(AIM OF THE EXERCISE): Output what the records say, word for word, with no images.

(Records contained in a dataset):
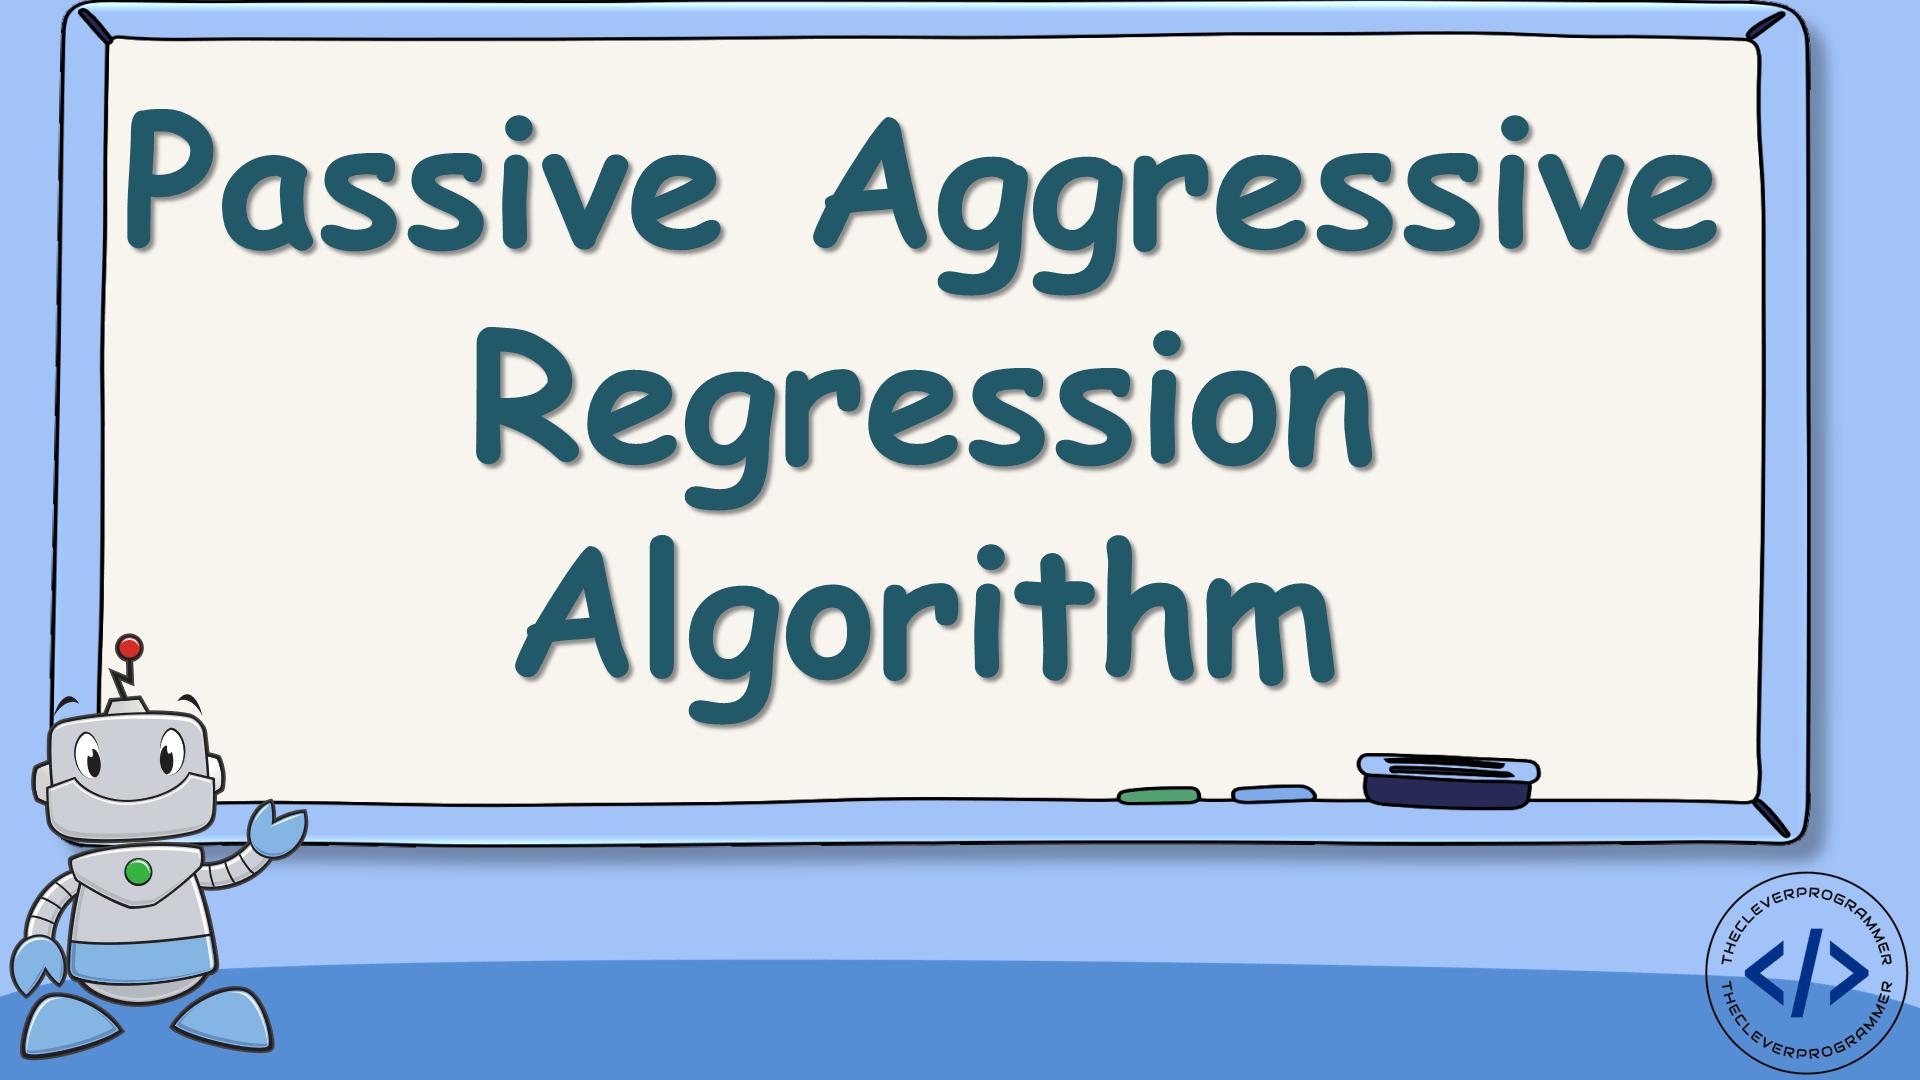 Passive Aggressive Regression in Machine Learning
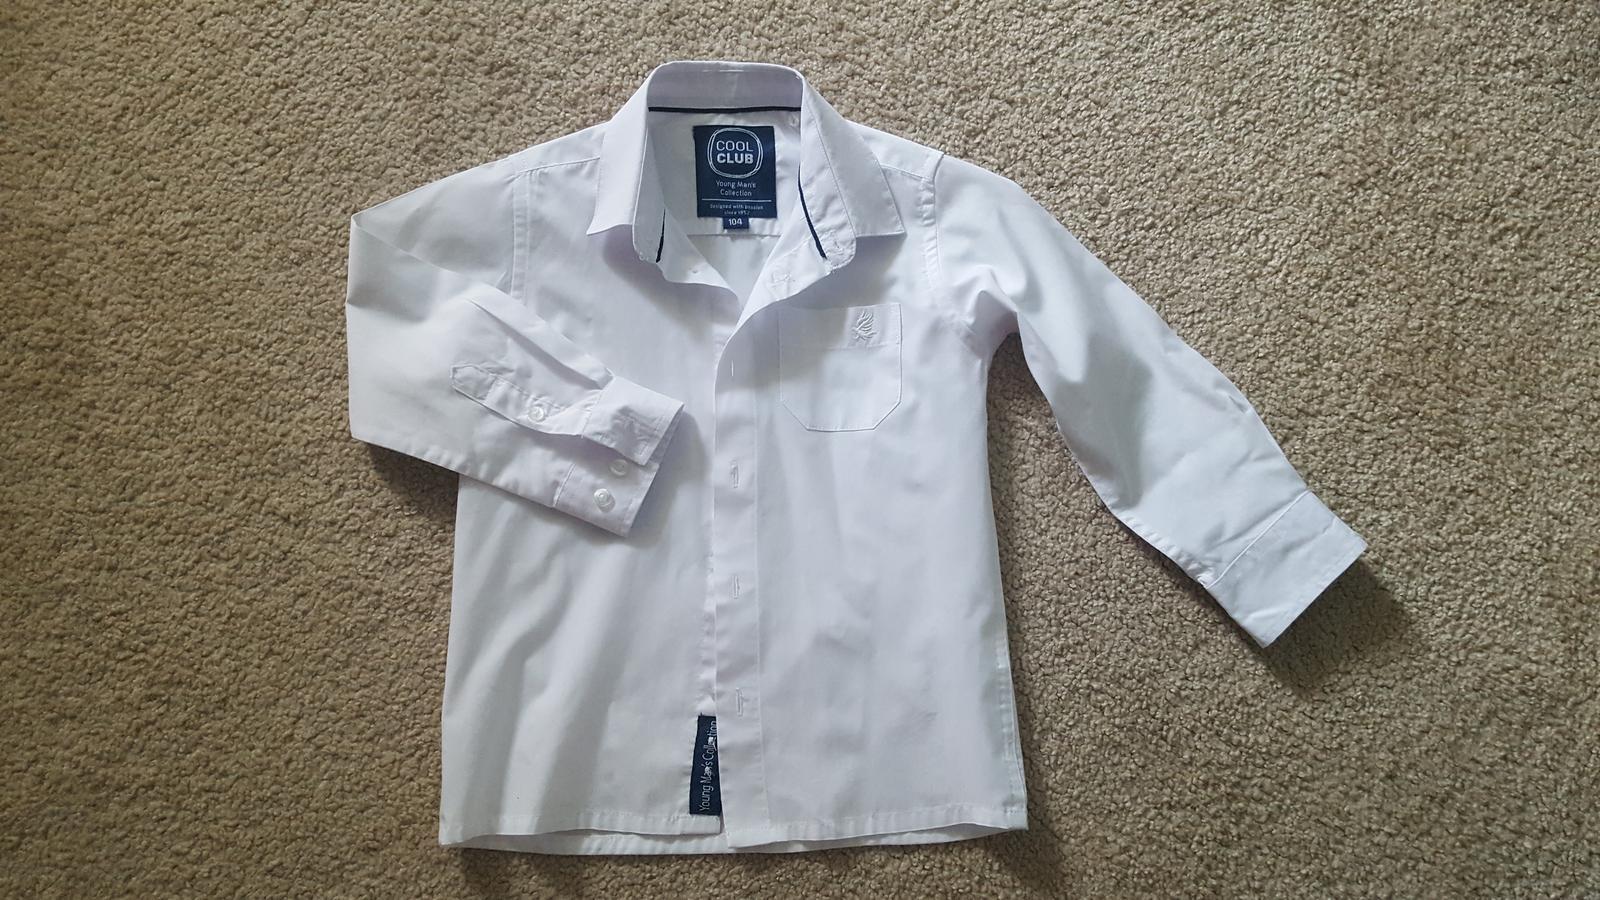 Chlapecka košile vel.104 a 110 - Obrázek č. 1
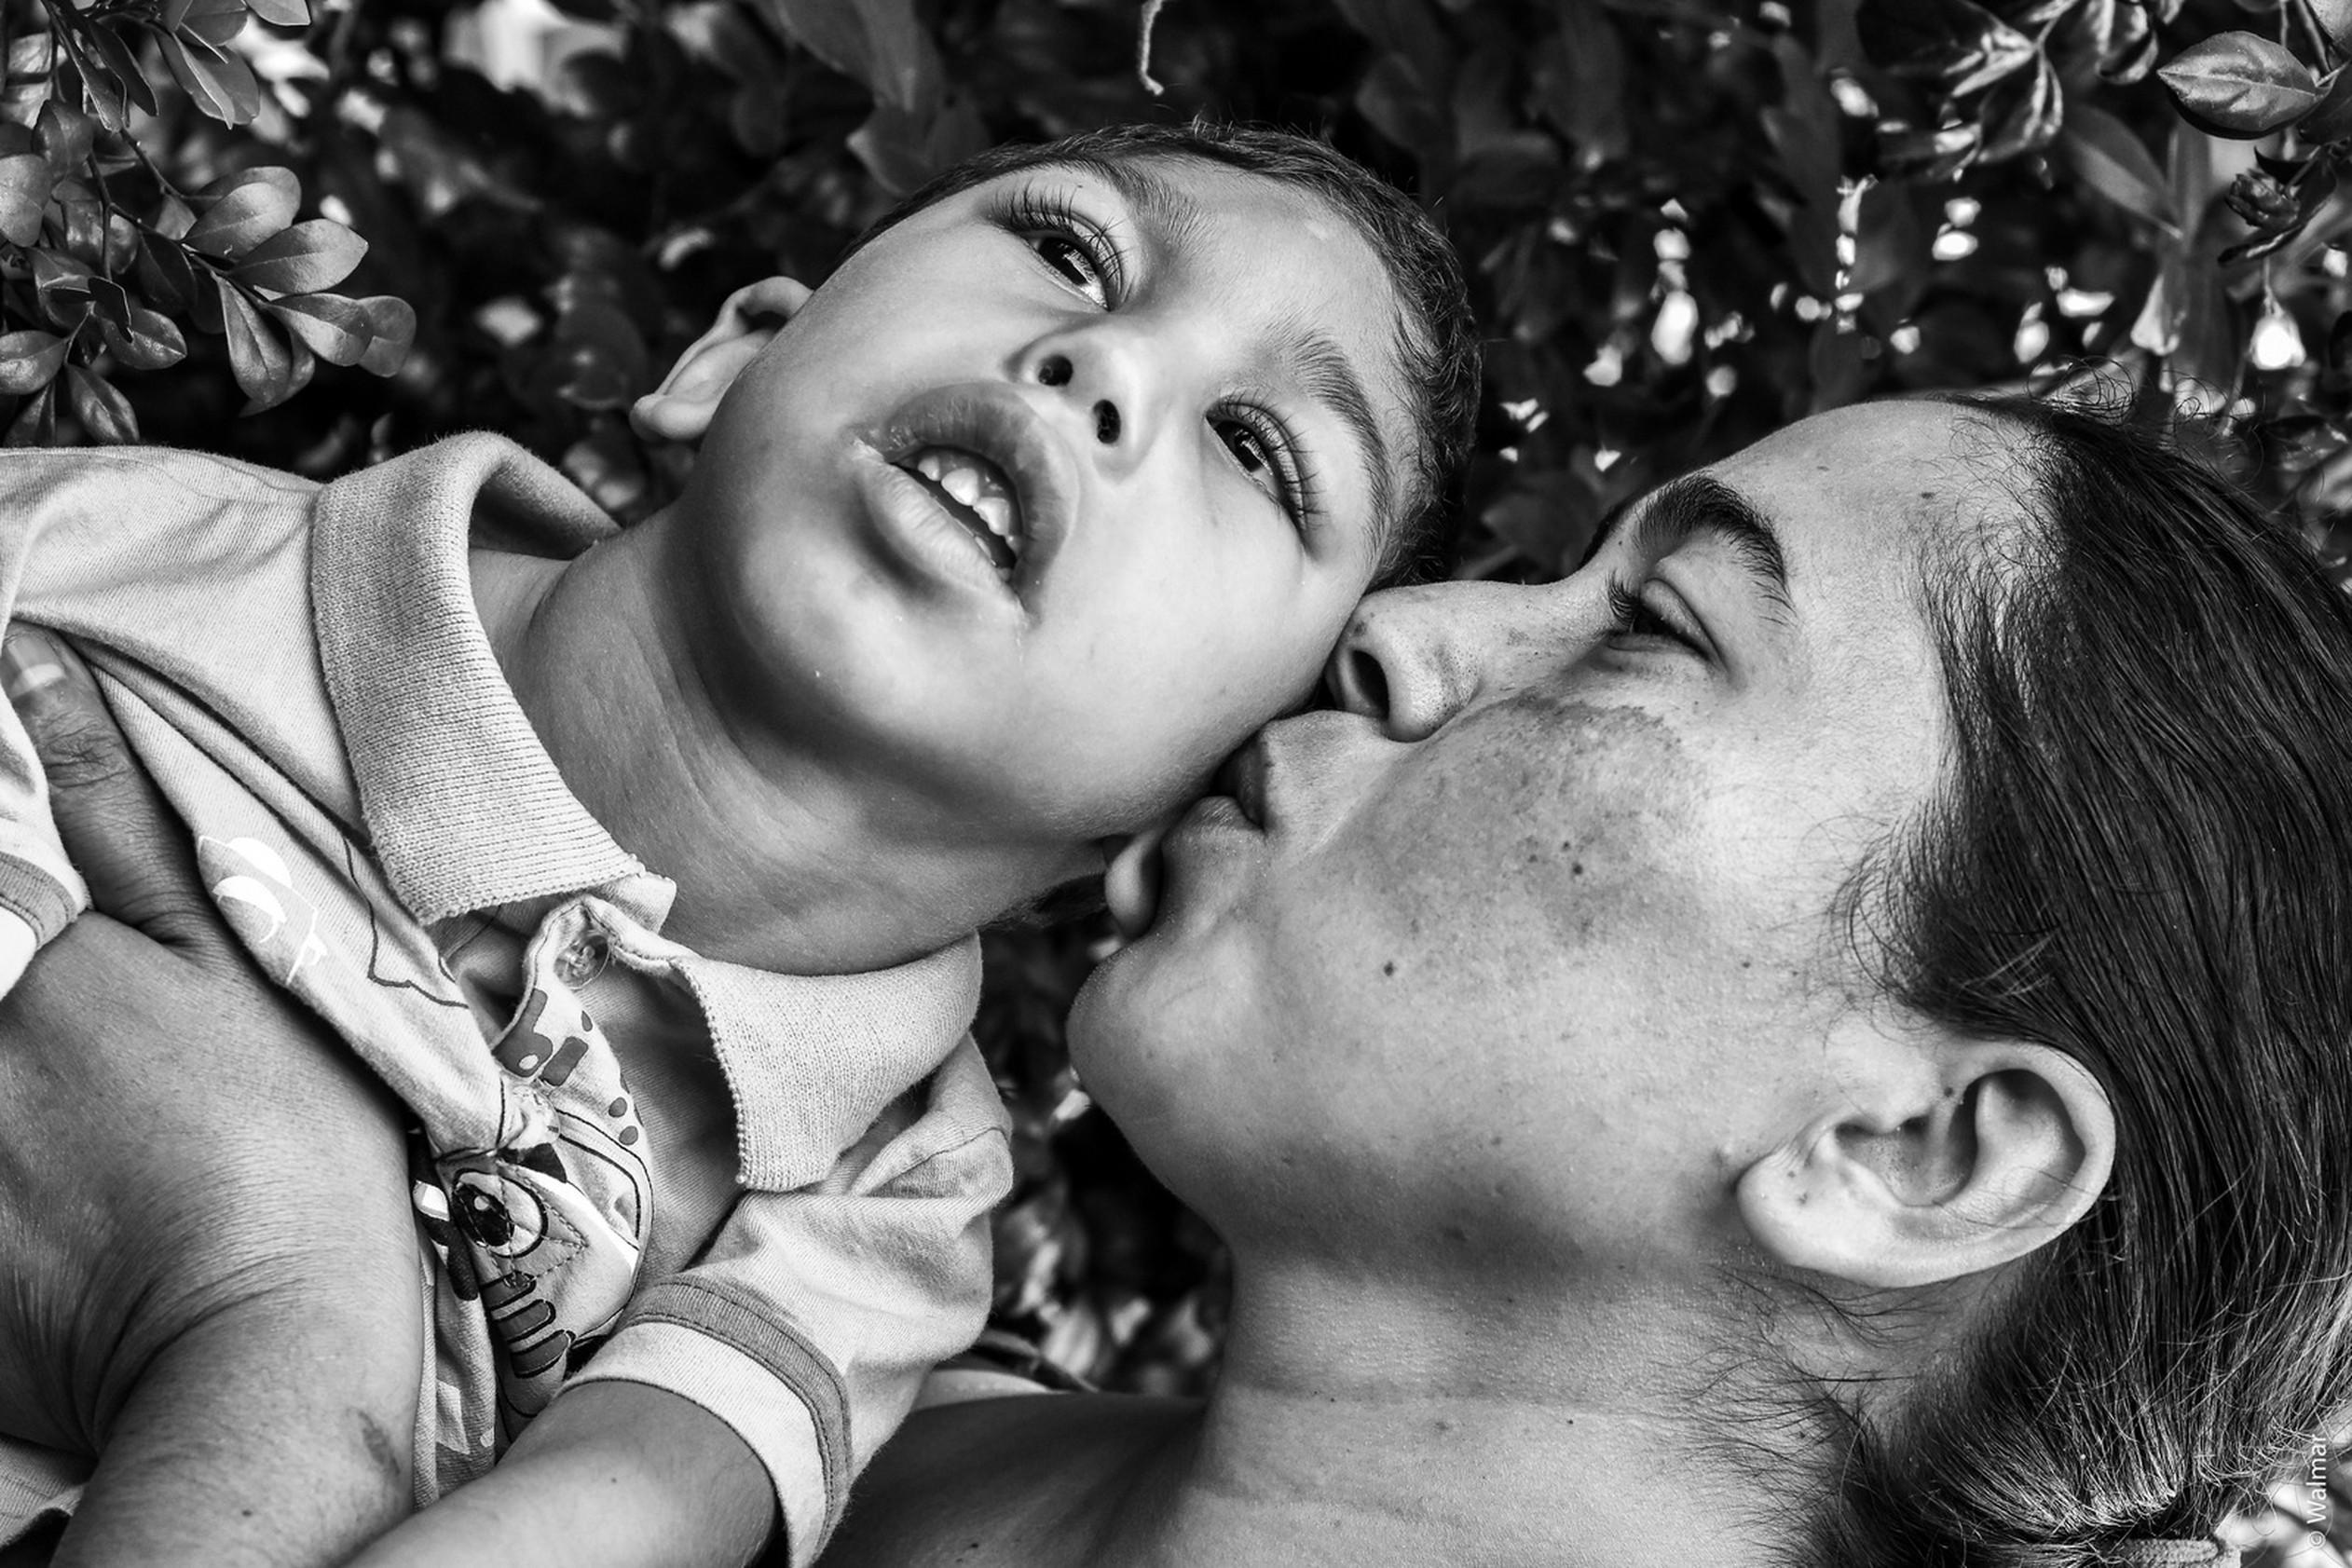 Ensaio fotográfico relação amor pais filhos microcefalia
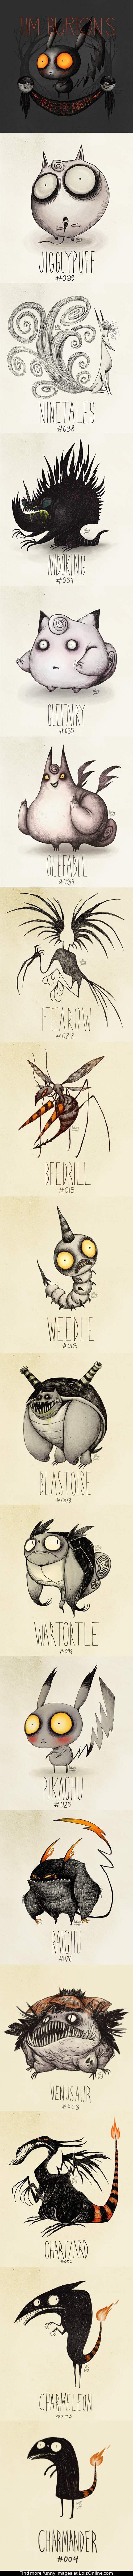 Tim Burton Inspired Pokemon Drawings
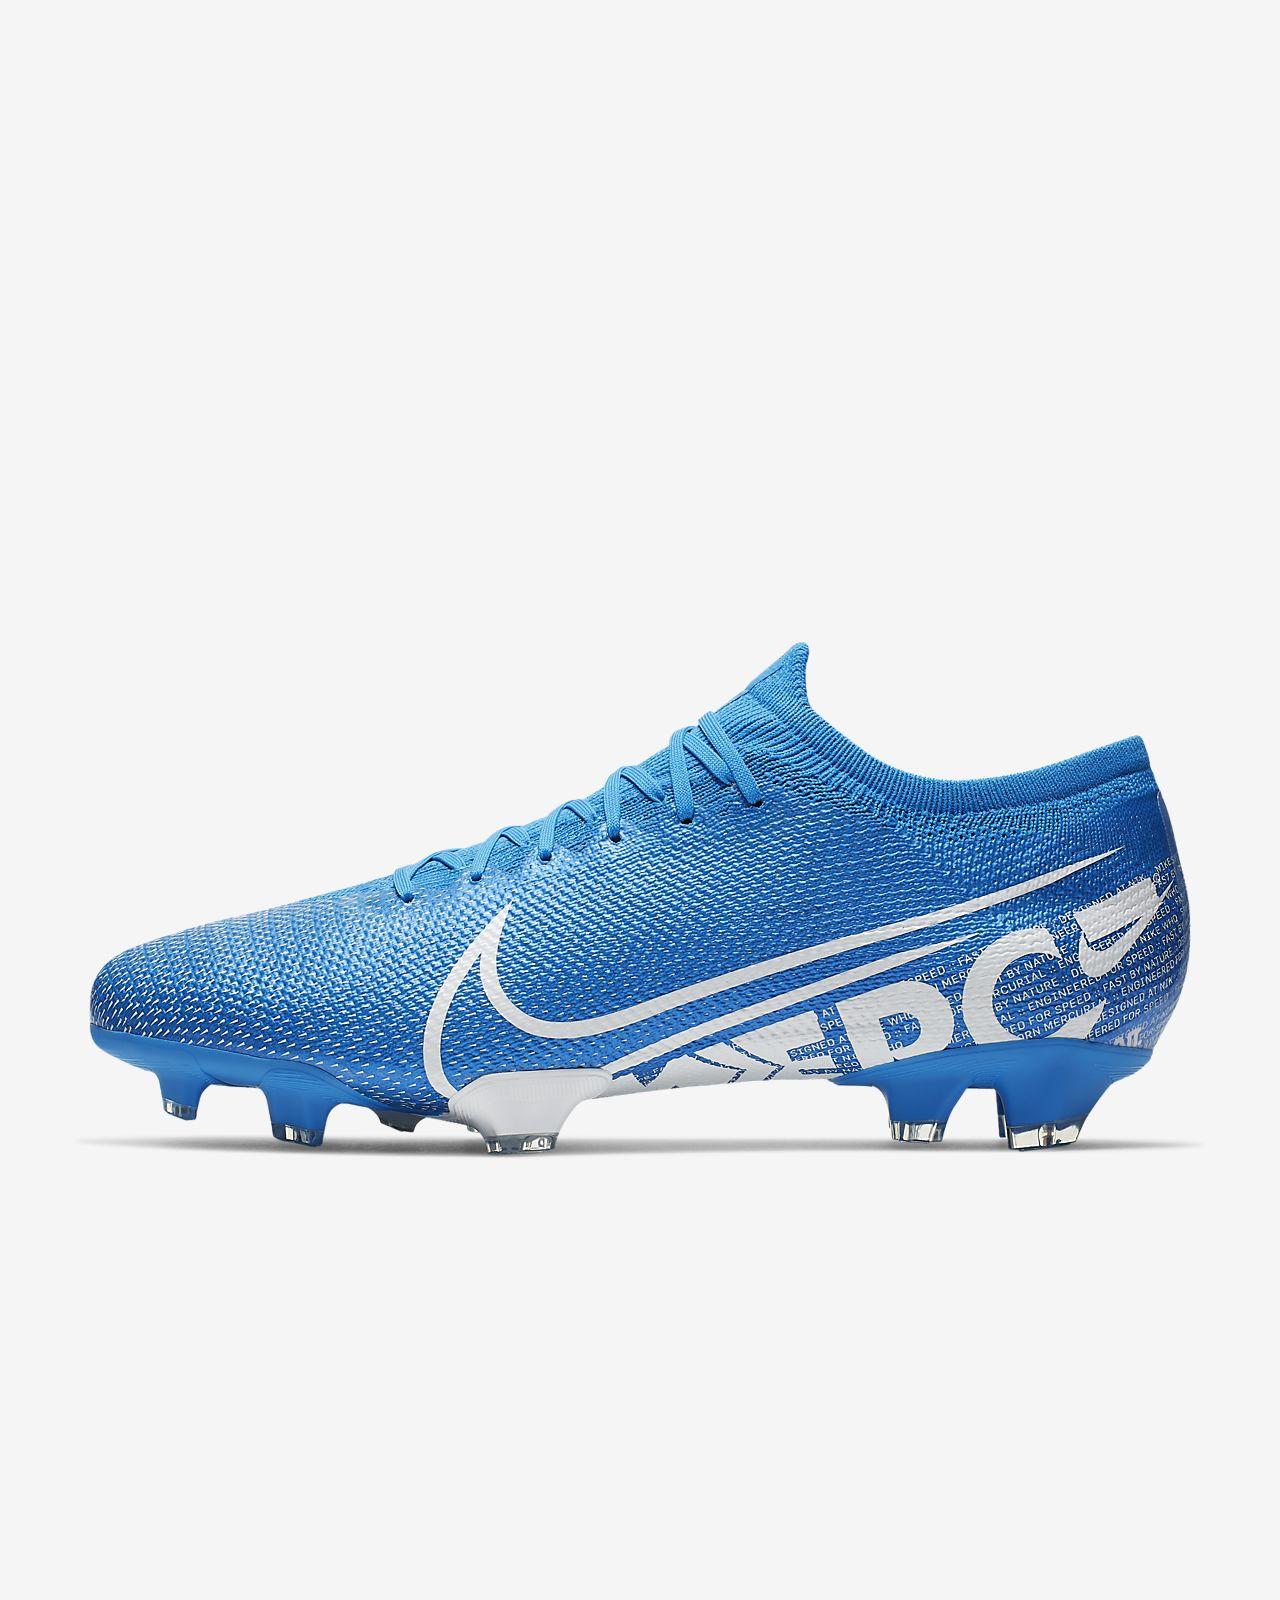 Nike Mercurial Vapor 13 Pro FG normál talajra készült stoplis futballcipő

(PROBLEM SOLUTION):
 Passive Aggressive Regression in Machine Learning
 Chlapecka košile vel.104 a 110 - Obrázek č. 1
 Ensaio fotográfico relação amor pais filhos microcefalia
 Tim Burton Inspired Pokemon Drawings
 Nike Mercurial Vapor 13 Pro FG normál talajra készült stoplis futballcipő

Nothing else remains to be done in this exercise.